Collected data Block Start

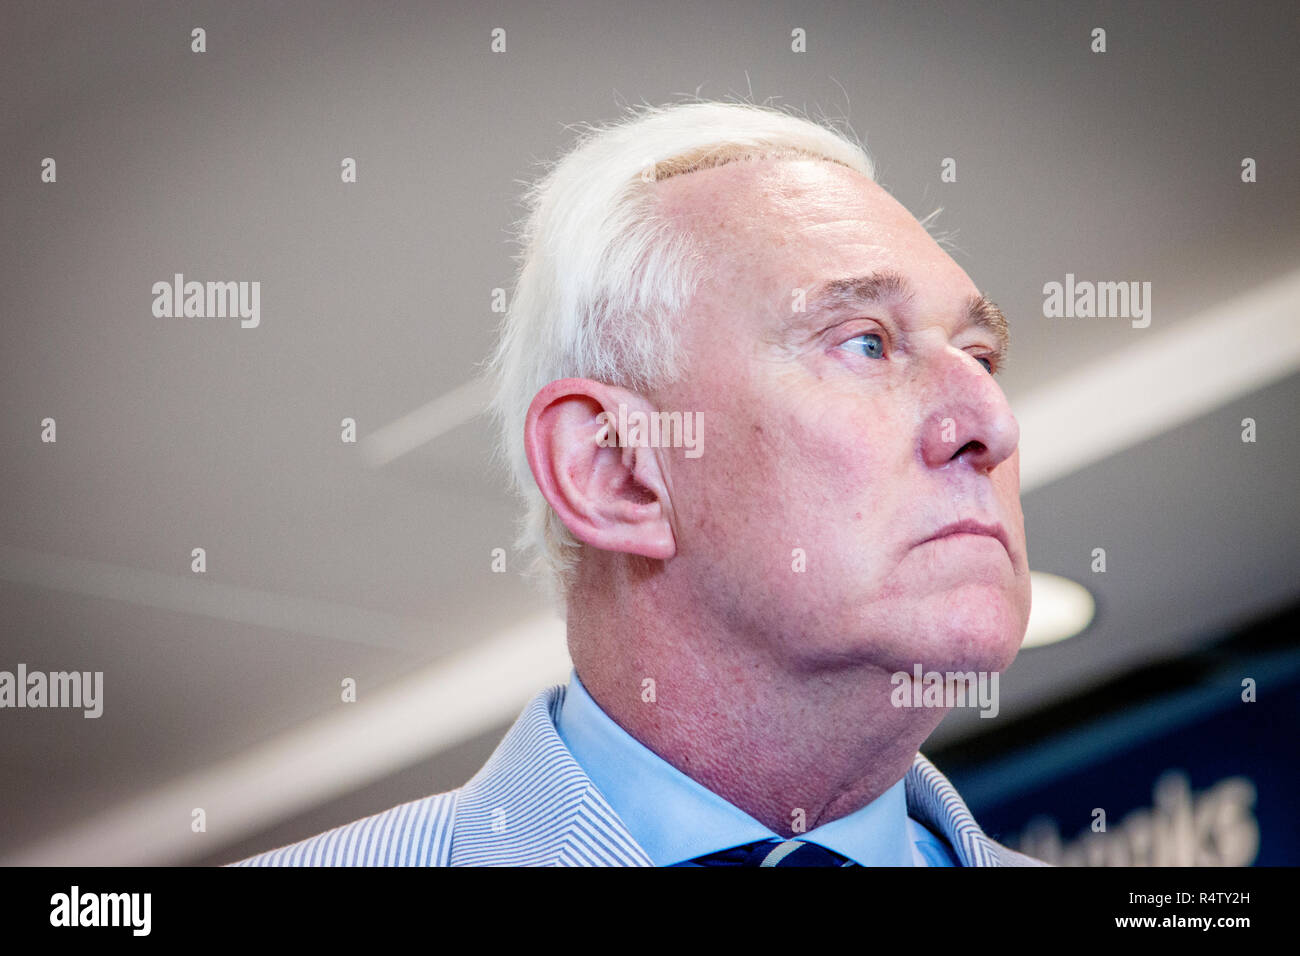 Former adviser to Donald Trump, Roger Stone at a book signing event in Cleveland during the Republican National Convention in 2016. Stock Photo
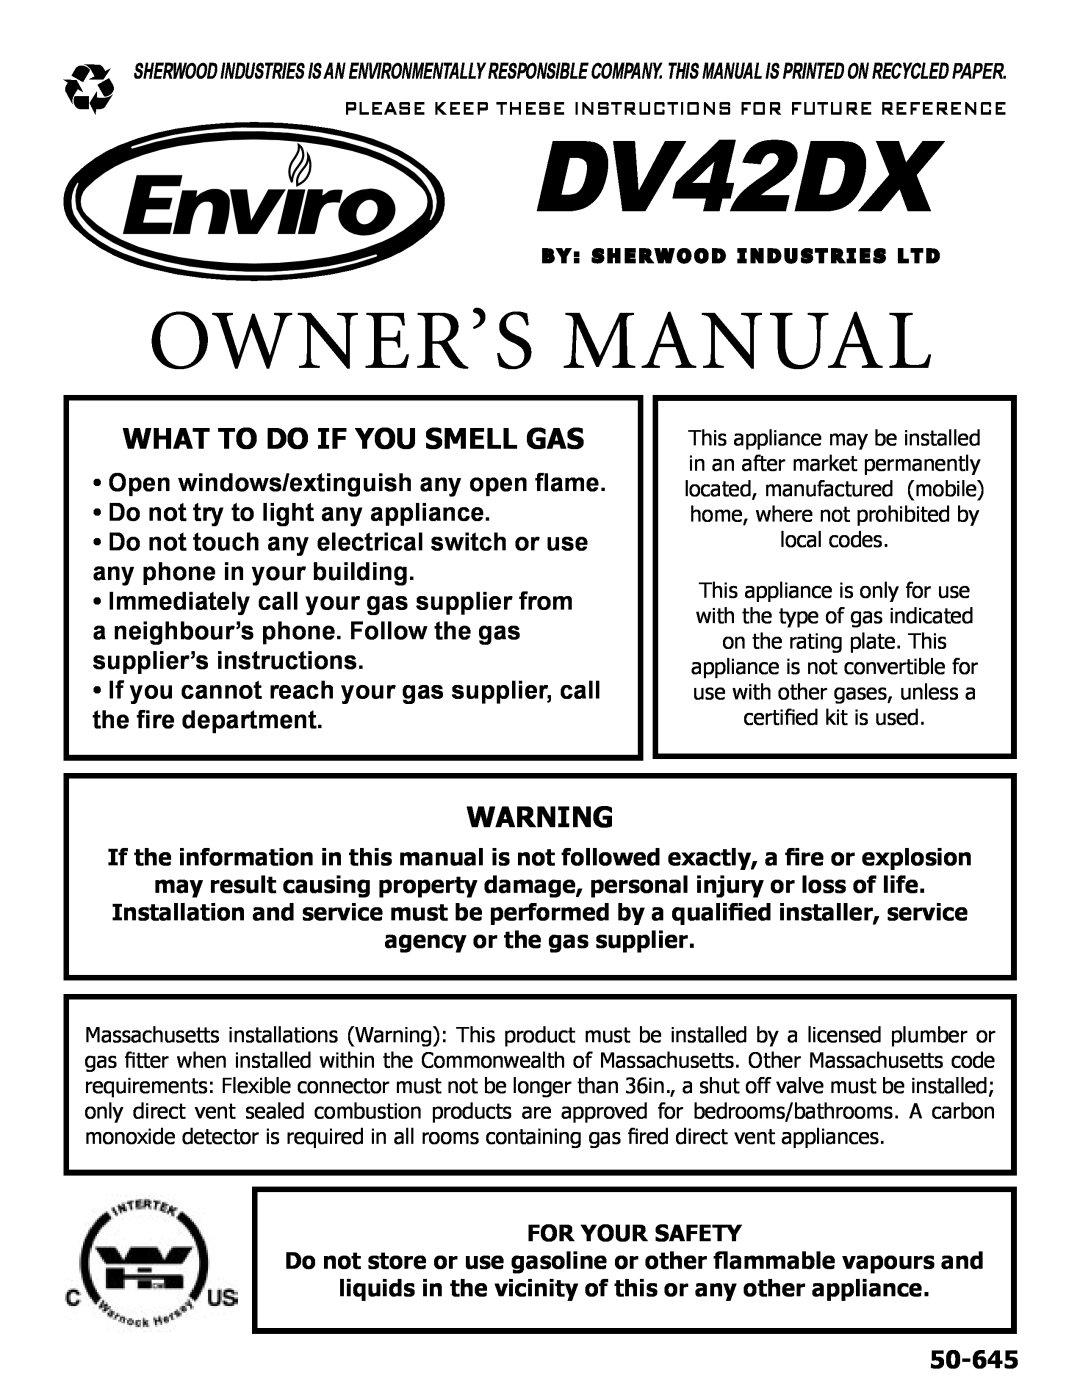 Enviro DV42DX owner manual What To Do If You Smell Gas, 50-645, Open windows/extinguish any open flame 
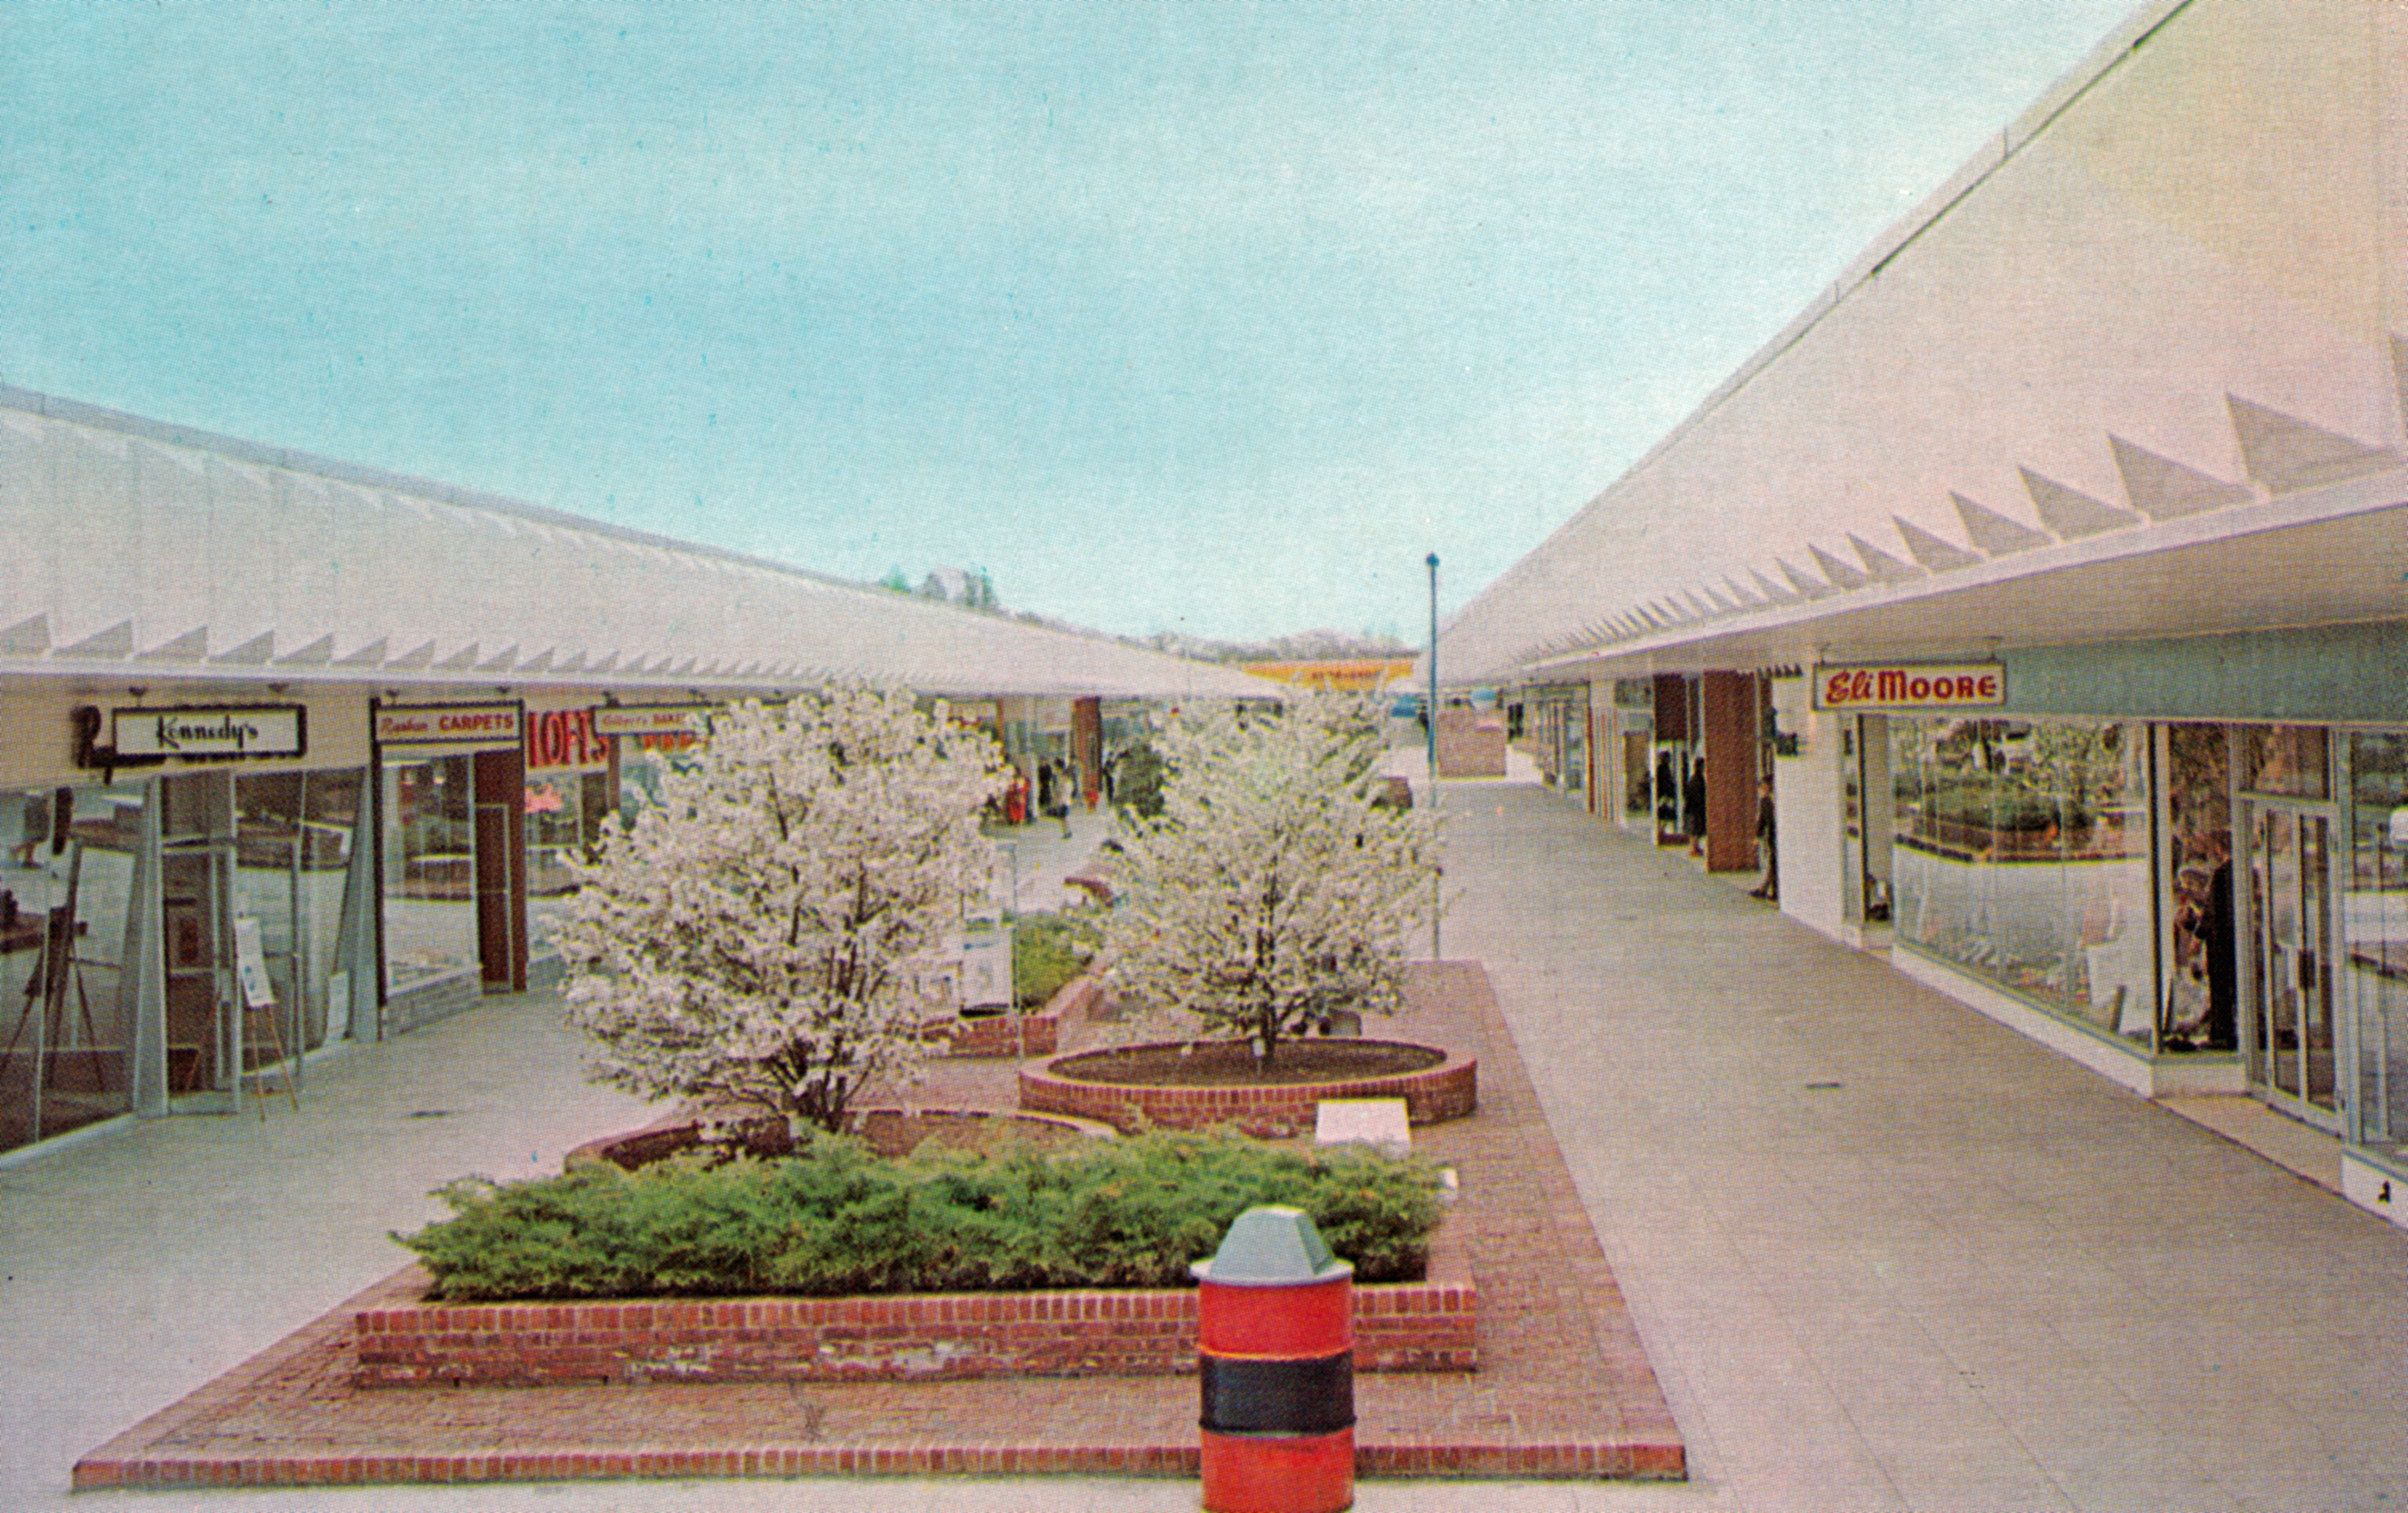 Connecticut Post Mall, Milford – CT Postcards.net

Collected data Block End

# Your task
Return the material exactly as given, apart from the pictures.

# Solution for this task
 Former adviser to Donald Trump, Roger Stone at a book signing event in Cleveland during the Republican National Convention in 2016. Stock Photo
 Enviro DV42DX owner manual What To Do If You Smell Gas, 50-645, Open windows/extinguish any open flame 
 Connecticut Post Mall, Milford – CT Postcards.net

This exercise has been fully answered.